Given a binary tree, determine if it is a valid binary search tree (BST).
Assume a BST is defined as follows:
- The left subtree of a node contains only nodes with keys less than the node's key.
- The right subtree of a node contains only nodes with keys greater than the node's key.

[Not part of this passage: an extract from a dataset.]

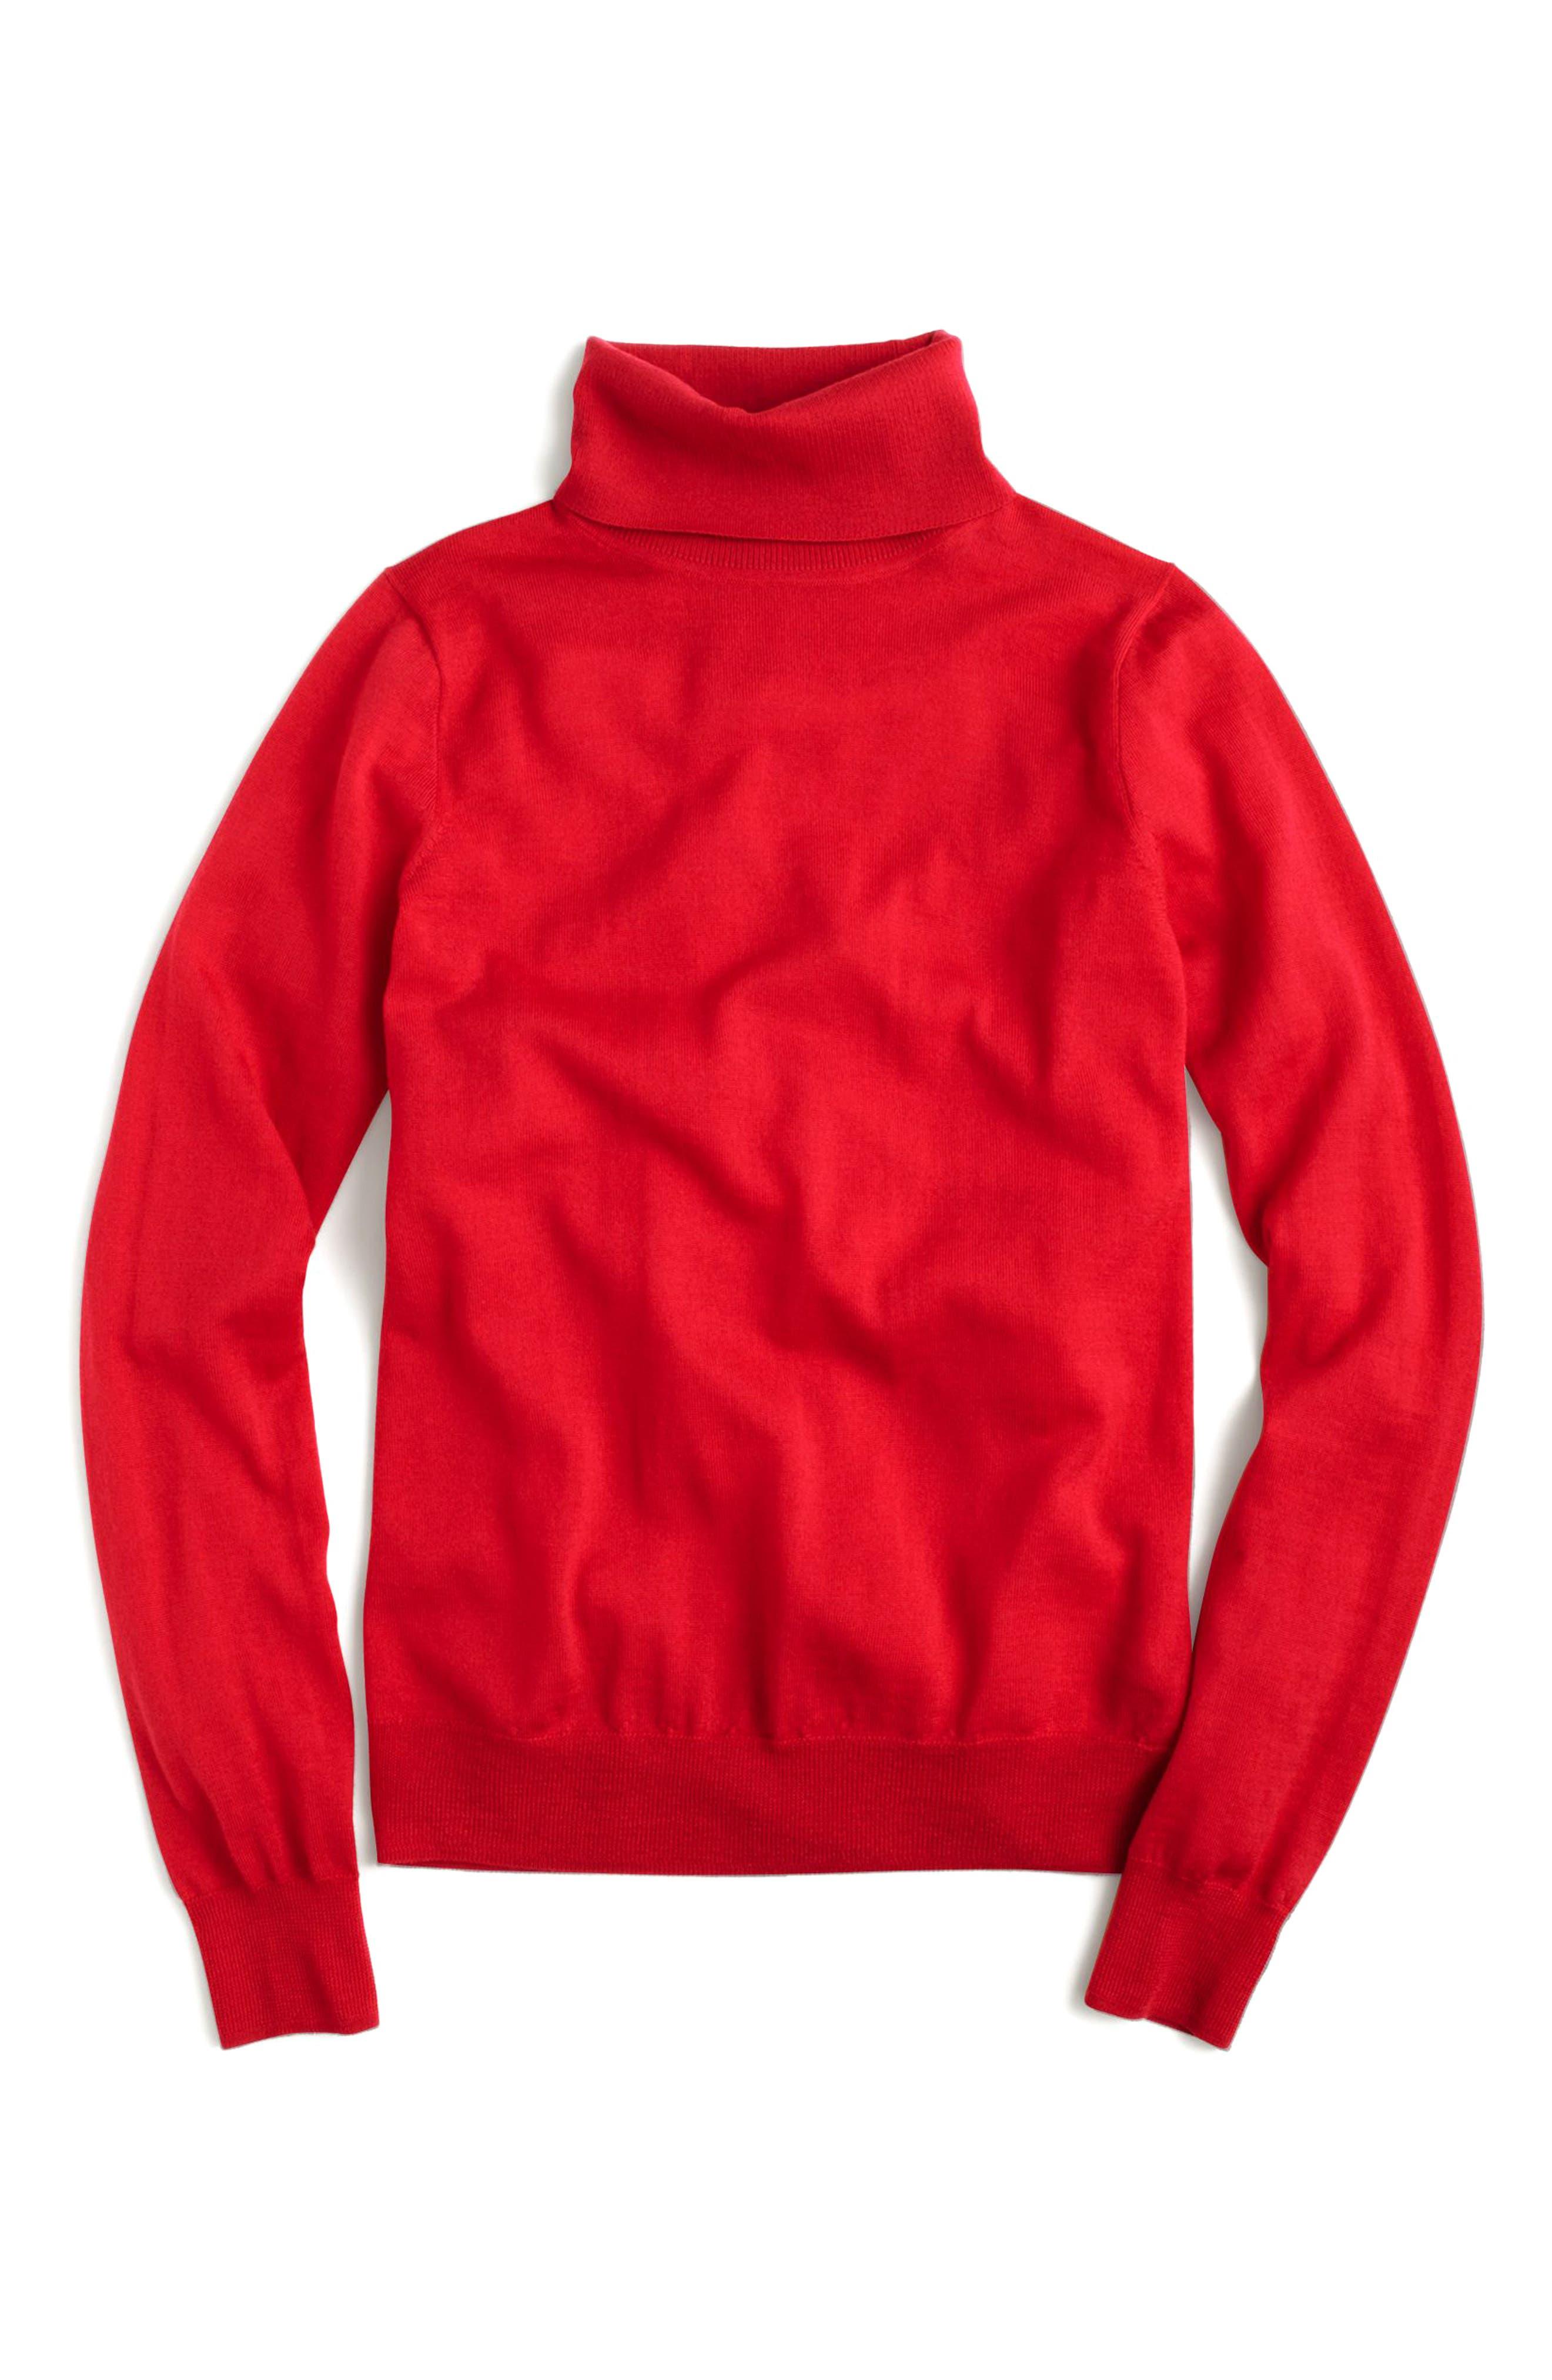 Tippi Turtleneck Sweater,                         Main,                         color, Dark Poppy

- Both the left and right subtrees must also be binary search trees.
Example 1:
Input: 2 / \ 1 3 Output: true
Example 2:
5 / \ 1 4 / \ 3 6 Output: false Explanation: The input is: [5,1,4,null,null,3,6]. The root node's value is 5 but its right child's value is 4.
/**
* Definition for a binary tree node.* struct TreeNode {
* int val;
* TreeNode *left;
* TreeNode *right;
* TreeNode(int x) : val(x), left(NULL), right(NULL) {}
* };
*/
class Solution {
public:
bool isValidBST(TreeNode* root) {
if(root==NULL){
return true;
}
if(root->left==NULL&&root->right==NULL){
return true;
}
TreeNode *cur=root,*pre=NULL;
stack<TreeNode *> st; // 中序遍历
while(!st.empty()||cur){
while(cur){
st.push(cur);
cur=cur->left;
}
if(!st.empty()){
cur=st.top();
st.pop();
// ivec.push_back(cur->val)
if(pre==NULL){
pre=cur;
}else{
if(cur->val<=pre->val){
return false;
}else{
pre=cur;
}
}
cur=cur->right;
}
}
return true;
// return helper1(root,INT_MIN+1,INT_MAX-1);
}
bool helper1(TreeNode *root,int low,int upper){
if(root==NULL){
return true;
}
if(root->val<=low||root->val>=upper){// 二查搜索数 不能有等于
return false;
}
return helper(root->left,low,root->val)&&helper(root->right,root->val,upper);
}
// 目标找出一个对应的 low 和 upper 与 root->val进行比较
bool helper(TreeNode *root,int low,int upper){
if(root==NULL){
return true;
}
if(root->val>=upper||root->val<=low){
return false;
}
// 往左走 最大值就会变化 往右走 最小值就会变化
return helper(root->left,low,root->val)&&helper(root->right,root->val,upper);
}
};